Deploy Python With Deb

Posted on | 439 words | ~3 mins

One of the worst parts about working with python is how to share your code, or deploy it on another machine. If you’re following preferred practices, then you’re probably developing using a virtual environment. But that means you need a way to have the same environment where your app is going to run. Either your users need to go through several steps to create a virtual environment and then install your app and its dependencies to it, or you need to ship the environment along with your app. Or you start having to use containers.

For most python web apps, there is little or no advantage to kubernetes (or Docker Swarm). You want to run your app using something like gunicorn, uvicorn, hypercorn, and possibly have these running behind nginx or apache. You probably also want a database and some other services to be running as well. Your deployment environment may well be a single VM that you’ve created just for this purpose, so having to get kubernetes up and running seems redundant.

Assuming you’re running something like Ubuntu, or CentOS, then why can’t you use your package manager to install your app for you? Inspired by this blog post by nylas, I decided to have a look at whether this would be possible for an internal web app that I’ve developed.

The application to deploy

The app has a simple web interface that talks to a DB, and a couple more system services that need to be running as well. The DB is postgresql, as that’s my DB of choice.

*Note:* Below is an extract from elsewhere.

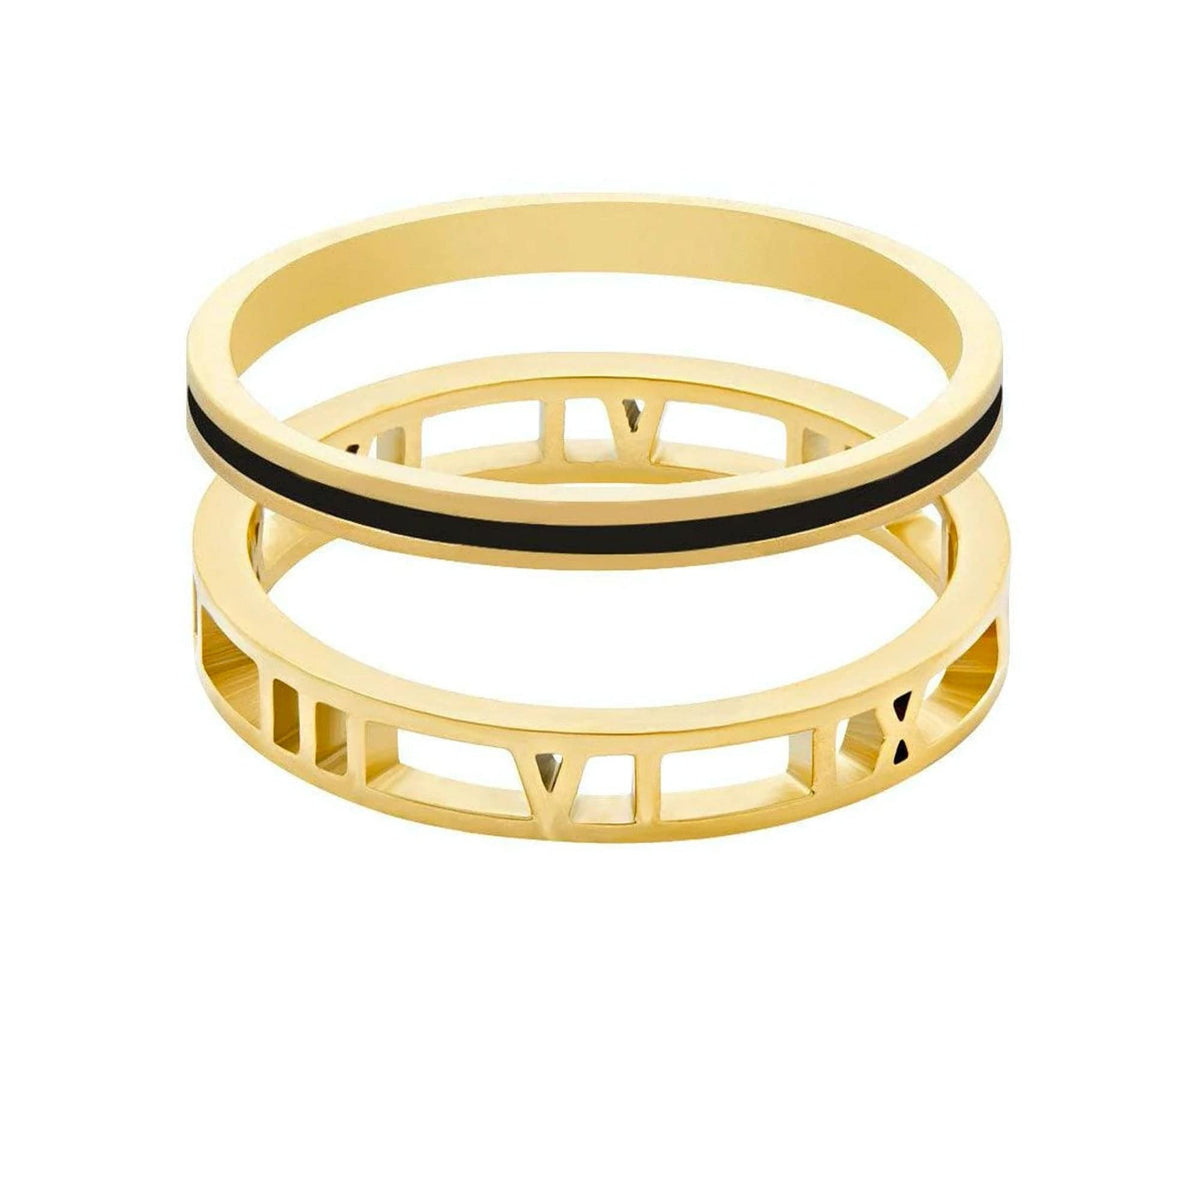 BohoMoon Stainless Steel Madison Ring Pair Gold / US 6 / UK L / EUR 51 (small)

For the web app, I’m using Sanic. The framework is very developer friendly, it supports async for handling large amounts of traffic, and it comes with its own high performance web server (including experimental http/3 support. While the performance of the web server is a good feature, it’s the fact that it simplifies deployment that really helps.

The deployment plan

The aim is to create a deb file that will contain the app, its virtual environment, and all other assets. The deb will specify other packages the app depends on (e.g. postgresql). Installing it will also install appropriate systemd units that launch the app and allow it to be controlled with systemctl. Logs will ship to journald. We will also create new users for the app to run under, and make sure that we’re running with least privileges. Installing the app will also create the database it will use in postgres, and create all necessary tables and relations. Future upgrades will allow us to run schema migrations, either as our own SQL, or using our own python script.